Au fil de la soirée, les représentants de l’association ont rappelé à plusieurs reprises qu’aucune activité humaine n’est exempte de risque. Selon eux, la question ne réside pas dans l’existence ou non d’un risque zéro, mais dans son acceptabilité lorsqu’une ressource essentielle à l’alimentation en eau potable est concernée. L’ADRISE a souligné qu’un captage d’eau potable ne peut être remplacé par une simple mesure compensatoire et a insisté sur l’application rigoureuse de la séquence réglementaire « Éviter, Réduire, Compenser ». Pour l’association, la réflexion doit d’abord porter sur la possibilité d’éviter le risque par un autre choix d’implantation.
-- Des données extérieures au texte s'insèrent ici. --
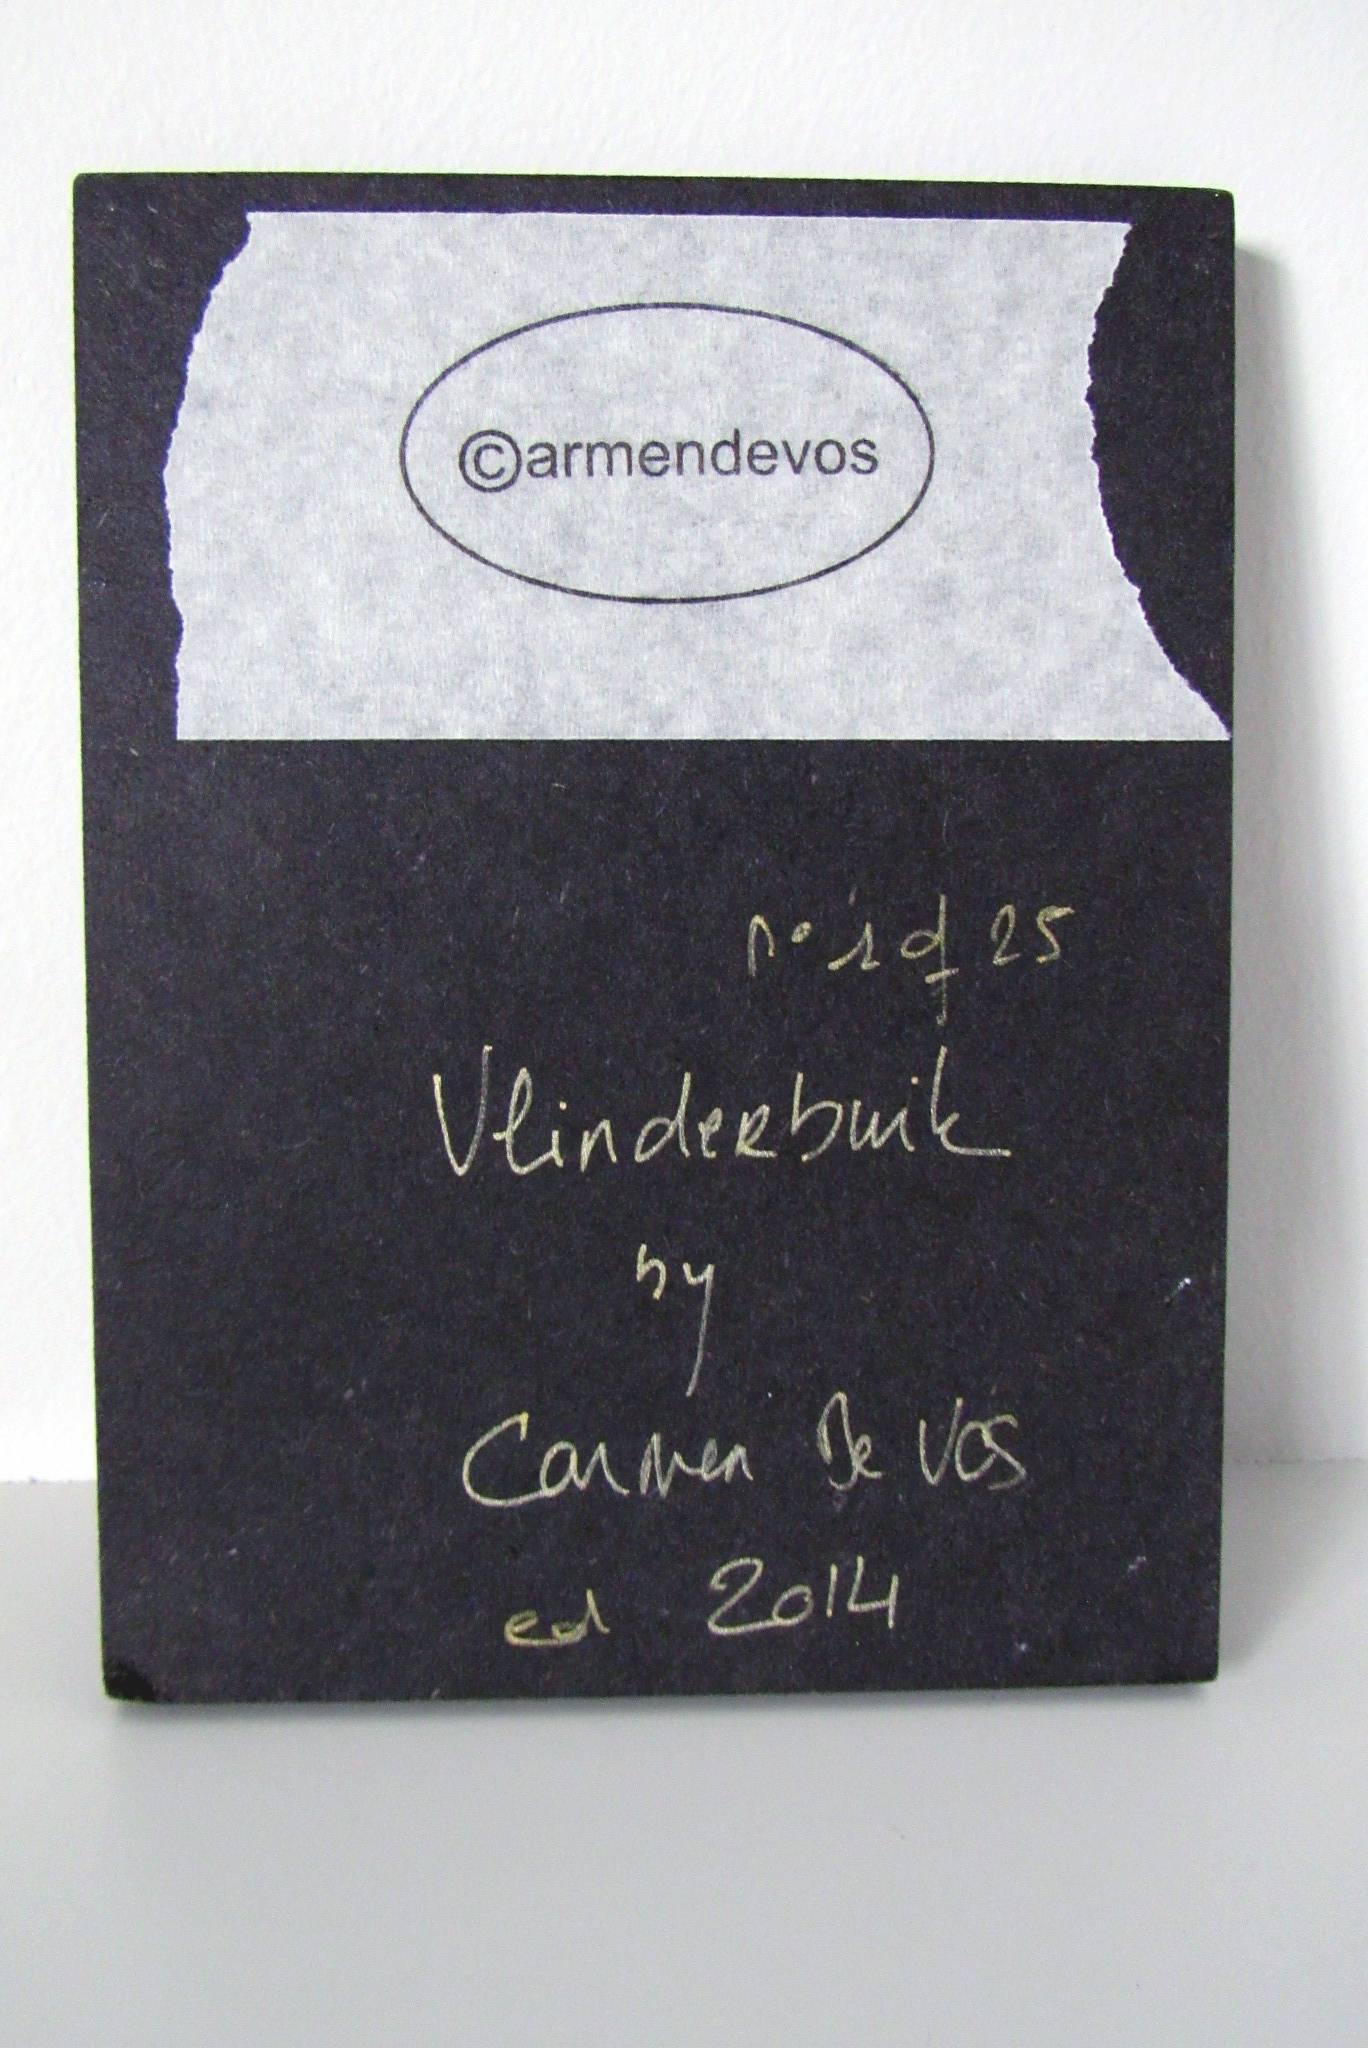 'Vlinderbuik (Odd Stories) - 1/25, 2013, digital print, based on a Poalroid, mounted on black mdf, matte coating, dimensions 15x11,3cm, hand signed by the artist on the back.

-- Part of Carmen De Vos' solo show Odd Stories in Bruges 2014 in the

De nombreuses interrogations exprimées par les habitants

Plusieurs habitants ont pris la parole pour faire part de leurs préoccupations. Les interventions ont porté sur des thèmes variés : la protection du captage, le trafic routier, les nuisances potentielles, les effets cumulés du projet ainsi que la capacité du dossier à répondre aux interrogations du public. Les échanges ont permis à Jean-Marc Vergez, présent dans la salle, de répondre à plusieurs questions techniques soulevées par les participants. Parmi les sujets abordés figuraient notamment les odeurs, le trafic de camions, le stockage du digestat liquide à Bazillac, la sécurité liée au gaz, les risques d’explosion, la récupération des eaux de pluie ainsi que l’absence annoncée de prélèvement dans la nappe souterraine.

Odeurs : des appréciations différentes selon les phases du procédé

Concernant les odeurs, le porteur du projet a indiqué que le digestat ne dégageait pas d’odeur comparable à celle du lisier. L’ADRISE a reconnu cet élément tout en rappelant que les matières entrantes, notamment les déchets verts fermentescibles, peuvent générer des odeurs lors des phases de stockage ou de manipulation. Cette question a fait partie des préoccupations régulièrement évoquées par les riverains présents.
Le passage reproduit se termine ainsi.